The moment she put the telephone down she imagined the man so enraged at catching them ‘at it’ that he punched Denis’s face and so ruined his bridgework that he needed another twelve months in the chair. In which case — she fell back laughing — he might be forced to change his dentist. Jonathan, scared by her hilarity, looked up from his homework. Well, it was too late now. All she had to do was wait for him to walk in holding his jaw together. She ran upstairs crying, shouting through her tears to Jonathan that he could get his own bloody tea.
‘Menopause,’ he scoffed, moving across the kitchen.
Nothing happened. She couldn’t understand it. Denis went on being his own smiling self, even had the gall to say he needed a few extra appointments at the dentist’s. There was nothing left but to sling the whole weighty emotional dossier into his face when he walked in the door. Break his bridgework on that. Impossible to love him, though she felt a vibrant liveliness in the last few days, so that last night it had been better in bed than for years, as if both sensed something about each other that they were discovering for the first time, which alone should have made him wary.
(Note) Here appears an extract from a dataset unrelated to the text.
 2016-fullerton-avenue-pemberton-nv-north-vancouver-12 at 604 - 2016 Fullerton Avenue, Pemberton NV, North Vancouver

The doorbell sounded, someone selling things perhaps, a shape visible through the glass. Well, she could always scream, but opened the door. It wasn’t raining, so she needn’t ask him in.
‘You don’t know me, but we’ve spoken on the phone. Or you did, anyway.’
Tall and well-built, he almost obscured the lilac bush, wore a light overcoat, forty or fifty, she couldn’t say, sparse fair hair and rather large features, lips indicating an attractive sense of humour, pale blue eyes spreading curiosity all through her. ‘Come in, then.’
He carried a large briefcase, as if going on a trip, or returning from one. ‘Do you mind if I take my coat off?’
She didn’t.
‘I wanted to see what kind of a person you were.’
Weakness wasn’t from shock. She moved into the kitchen, and he followed, so she could only say: ‘Coffee?’
His fundamental insolence seemed based on justifiable self-esteem. ‘Any brandy? I’ve just come off the plane.’ He lit a thin cigar. ‘I followed your husband after he left my house last week, and found where you lived.’
She sat facing, hands over the coffee steam, glad that he had. ‘A couple of schemers, aren’t we?’
‘Better the evil you know than the one you don’t.’
He looked the ideal family man, and she asked; ‘Aren’t you afraid of going off the rails?’
‘Oh no,’ he said, ‘I never go off the rails. I only change lines! I thought it would be more interesting to make your acquaintance than to spoil theirs. Everything has its price.’
‘Really?’ She blushed, which meant more than she liked to own, was more pleasant than it ought to be, but she thought she would get used to it, as he put a hand on hers.
‘Your wife will wonder where you are, though.’
‘The plane was delayed. It often is. Or she’s too busy to wonder, don’t you think? Ever since you called I’ve been thinking about you. It was your voice. So unhurried in what you were telling me. You must have known it was dynamite.’
‘I suppose I did.’ She actually laughed — carefree. She hadn’t thought anything about him when they talked on the phone, but maybe that had done it. It was all for herself, for the first time in her life, and such single-mindedness had obviously drawn him.
‘I could tell you were beautiful and attractive — and wonderfully intelligent.’ He was like a blanket, but a warm blanket whose warp and weft knew everything about her when he put his arms over her shoulders and she went close.